- **To do**: Print the records below word for word, beginning with the first line and ending once the line containing "Chủ tịch UBND" is printed.
○ ○ ○ ○ ○
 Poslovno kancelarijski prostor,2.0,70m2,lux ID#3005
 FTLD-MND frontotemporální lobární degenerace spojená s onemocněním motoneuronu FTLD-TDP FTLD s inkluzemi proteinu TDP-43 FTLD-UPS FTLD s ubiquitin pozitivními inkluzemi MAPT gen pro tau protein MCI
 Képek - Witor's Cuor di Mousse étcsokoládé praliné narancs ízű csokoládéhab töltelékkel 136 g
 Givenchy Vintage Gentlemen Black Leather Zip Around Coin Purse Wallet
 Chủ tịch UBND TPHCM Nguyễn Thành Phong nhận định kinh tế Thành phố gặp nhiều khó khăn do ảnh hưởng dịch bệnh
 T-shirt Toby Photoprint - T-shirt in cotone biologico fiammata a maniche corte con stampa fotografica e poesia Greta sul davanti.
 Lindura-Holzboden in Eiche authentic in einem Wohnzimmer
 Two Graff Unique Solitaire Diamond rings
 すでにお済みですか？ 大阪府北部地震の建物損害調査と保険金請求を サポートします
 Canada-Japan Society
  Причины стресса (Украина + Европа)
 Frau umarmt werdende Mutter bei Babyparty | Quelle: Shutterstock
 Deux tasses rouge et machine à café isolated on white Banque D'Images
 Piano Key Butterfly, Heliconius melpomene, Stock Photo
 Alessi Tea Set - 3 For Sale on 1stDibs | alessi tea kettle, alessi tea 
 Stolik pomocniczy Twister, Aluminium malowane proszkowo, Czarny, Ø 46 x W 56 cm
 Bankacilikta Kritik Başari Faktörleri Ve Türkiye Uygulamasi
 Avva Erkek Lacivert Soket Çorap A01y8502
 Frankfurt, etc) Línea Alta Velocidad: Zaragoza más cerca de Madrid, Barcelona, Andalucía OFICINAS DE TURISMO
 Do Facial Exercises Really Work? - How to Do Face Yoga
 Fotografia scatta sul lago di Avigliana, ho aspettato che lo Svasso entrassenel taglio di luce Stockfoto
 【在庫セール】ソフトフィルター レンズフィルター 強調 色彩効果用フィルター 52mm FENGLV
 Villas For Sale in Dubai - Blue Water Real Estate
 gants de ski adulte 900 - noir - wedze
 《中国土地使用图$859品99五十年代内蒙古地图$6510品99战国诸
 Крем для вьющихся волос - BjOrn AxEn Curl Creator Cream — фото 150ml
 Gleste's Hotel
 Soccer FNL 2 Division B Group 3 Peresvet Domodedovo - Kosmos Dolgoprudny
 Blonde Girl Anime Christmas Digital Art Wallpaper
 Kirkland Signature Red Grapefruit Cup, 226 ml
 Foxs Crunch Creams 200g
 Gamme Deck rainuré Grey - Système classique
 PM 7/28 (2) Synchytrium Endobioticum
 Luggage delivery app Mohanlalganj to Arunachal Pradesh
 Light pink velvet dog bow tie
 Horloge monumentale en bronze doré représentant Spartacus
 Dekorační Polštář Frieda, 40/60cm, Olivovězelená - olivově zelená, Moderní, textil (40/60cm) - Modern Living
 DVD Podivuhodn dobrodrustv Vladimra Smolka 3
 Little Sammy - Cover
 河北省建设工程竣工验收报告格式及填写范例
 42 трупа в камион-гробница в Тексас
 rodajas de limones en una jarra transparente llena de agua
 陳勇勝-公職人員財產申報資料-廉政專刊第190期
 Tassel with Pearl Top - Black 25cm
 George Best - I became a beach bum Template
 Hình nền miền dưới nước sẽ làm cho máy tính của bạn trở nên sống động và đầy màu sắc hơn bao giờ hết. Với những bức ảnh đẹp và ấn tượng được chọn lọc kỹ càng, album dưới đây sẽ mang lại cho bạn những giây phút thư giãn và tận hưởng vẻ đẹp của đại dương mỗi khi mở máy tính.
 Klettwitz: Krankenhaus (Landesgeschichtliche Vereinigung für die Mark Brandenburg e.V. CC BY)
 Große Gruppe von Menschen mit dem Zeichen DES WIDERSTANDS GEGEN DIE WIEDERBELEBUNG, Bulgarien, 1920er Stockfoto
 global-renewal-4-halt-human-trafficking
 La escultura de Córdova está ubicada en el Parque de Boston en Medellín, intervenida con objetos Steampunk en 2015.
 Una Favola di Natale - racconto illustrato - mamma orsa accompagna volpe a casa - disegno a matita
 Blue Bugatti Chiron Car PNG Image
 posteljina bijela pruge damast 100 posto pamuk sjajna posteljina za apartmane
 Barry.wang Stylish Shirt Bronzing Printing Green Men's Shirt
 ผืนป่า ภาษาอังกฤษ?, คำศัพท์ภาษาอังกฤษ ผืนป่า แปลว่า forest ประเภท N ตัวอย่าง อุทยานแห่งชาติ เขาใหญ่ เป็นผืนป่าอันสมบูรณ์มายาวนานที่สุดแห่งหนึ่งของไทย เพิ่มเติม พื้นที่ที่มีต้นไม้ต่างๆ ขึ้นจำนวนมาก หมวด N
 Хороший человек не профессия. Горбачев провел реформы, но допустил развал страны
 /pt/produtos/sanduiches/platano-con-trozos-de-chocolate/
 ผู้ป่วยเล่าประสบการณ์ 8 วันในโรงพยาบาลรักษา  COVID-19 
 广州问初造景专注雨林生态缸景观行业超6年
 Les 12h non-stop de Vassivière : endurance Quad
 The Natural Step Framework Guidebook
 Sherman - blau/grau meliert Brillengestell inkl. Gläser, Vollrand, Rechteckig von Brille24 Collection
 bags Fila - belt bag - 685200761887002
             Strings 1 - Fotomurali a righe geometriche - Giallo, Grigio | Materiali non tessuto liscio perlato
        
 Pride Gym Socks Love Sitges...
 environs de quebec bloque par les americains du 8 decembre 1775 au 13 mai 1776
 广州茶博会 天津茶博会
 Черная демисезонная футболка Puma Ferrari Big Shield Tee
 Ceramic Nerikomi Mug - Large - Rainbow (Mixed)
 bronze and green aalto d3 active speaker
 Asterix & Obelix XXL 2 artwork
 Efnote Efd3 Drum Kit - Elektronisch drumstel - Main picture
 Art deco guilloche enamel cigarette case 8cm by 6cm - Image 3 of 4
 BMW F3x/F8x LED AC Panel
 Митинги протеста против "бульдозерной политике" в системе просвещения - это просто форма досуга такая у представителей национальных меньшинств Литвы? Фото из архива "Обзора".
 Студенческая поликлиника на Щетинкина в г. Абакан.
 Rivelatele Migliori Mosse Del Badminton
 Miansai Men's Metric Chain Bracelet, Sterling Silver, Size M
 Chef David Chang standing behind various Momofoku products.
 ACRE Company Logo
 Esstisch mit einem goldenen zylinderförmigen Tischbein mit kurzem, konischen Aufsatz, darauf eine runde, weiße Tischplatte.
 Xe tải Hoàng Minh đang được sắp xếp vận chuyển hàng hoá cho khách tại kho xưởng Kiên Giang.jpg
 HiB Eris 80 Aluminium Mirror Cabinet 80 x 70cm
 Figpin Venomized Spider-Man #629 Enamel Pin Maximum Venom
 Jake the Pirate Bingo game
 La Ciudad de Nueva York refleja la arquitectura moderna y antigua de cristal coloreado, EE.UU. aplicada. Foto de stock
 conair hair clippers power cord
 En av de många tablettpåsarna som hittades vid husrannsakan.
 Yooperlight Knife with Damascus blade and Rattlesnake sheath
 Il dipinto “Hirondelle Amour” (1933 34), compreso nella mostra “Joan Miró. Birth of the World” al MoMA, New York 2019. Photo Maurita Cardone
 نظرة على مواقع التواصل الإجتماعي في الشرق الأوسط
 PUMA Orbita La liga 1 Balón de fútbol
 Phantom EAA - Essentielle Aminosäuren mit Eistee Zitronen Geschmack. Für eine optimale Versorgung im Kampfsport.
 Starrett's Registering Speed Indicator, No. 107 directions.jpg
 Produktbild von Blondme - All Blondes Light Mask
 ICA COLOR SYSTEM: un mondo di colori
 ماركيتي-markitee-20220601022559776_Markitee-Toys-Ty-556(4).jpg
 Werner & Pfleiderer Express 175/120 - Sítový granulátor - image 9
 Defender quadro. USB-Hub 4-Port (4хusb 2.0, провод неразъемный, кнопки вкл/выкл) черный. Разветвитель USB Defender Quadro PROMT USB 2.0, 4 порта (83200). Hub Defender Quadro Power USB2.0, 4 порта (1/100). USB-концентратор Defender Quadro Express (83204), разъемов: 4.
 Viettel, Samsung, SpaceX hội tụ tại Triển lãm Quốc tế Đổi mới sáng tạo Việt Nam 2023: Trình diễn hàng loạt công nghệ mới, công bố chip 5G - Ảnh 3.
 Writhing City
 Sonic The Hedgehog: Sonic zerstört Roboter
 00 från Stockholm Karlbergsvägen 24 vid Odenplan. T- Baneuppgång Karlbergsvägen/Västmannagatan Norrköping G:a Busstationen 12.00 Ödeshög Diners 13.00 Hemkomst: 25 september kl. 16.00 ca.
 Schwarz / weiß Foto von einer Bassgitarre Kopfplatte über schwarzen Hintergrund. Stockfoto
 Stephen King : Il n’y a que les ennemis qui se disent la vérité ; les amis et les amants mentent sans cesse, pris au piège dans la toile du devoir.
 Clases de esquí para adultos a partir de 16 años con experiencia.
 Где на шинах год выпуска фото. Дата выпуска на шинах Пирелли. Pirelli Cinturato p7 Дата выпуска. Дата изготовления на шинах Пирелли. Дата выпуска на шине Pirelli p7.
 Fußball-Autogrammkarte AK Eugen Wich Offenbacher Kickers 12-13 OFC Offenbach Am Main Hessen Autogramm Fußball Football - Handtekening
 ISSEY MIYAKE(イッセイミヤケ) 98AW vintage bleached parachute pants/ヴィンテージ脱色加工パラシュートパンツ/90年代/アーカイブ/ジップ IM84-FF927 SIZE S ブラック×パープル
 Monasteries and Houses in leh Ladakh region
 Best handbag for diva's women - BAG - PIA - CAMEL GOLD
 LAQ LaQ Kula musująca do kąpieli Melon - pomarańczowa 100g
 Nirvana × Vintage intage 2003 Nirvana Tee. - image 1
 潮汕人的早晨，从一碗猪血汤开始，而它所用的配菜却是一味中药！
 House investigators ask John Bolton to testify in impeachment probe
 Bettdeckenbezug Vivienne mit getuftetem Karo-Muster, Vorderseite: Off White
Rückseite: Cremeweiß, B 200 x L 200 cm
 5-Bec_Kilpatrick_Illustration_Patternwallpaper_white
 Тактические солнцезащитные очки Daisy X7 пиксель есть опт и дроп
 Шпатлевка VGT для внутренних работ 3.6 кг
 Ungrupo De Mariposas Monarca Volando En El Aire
○ ○ ○ ○ ○
- **Solution for this exercise**:
 Poslovno kancelarijski prostor,2.0,70m2,lux ID#3005
 FTLD-MND frontotemporální lobární degenerace spojená s onemocněním motoneuronu FTLD-TDP FTLD s inkluzemi proteinu TDP-43 FTLD-UPS FTLD s ubiquitin pozitivními inkluzemi MAPT gen pro tau protein MCI
 Képek - Witor's Cuor di Mousse étcsokoládé praliné narancs ízű csokoládéhab töltelékkel 136 g
 Givenchy Vintage Gentlemen Black Leather Zip Around Coin Purse Wallet
 Chủ tịch UBND TPHCM Nguyễn Thành Phong nhận định kinh tế Thành phố gặp nhiều khó khăn do ảnh hưởng dịch bệnh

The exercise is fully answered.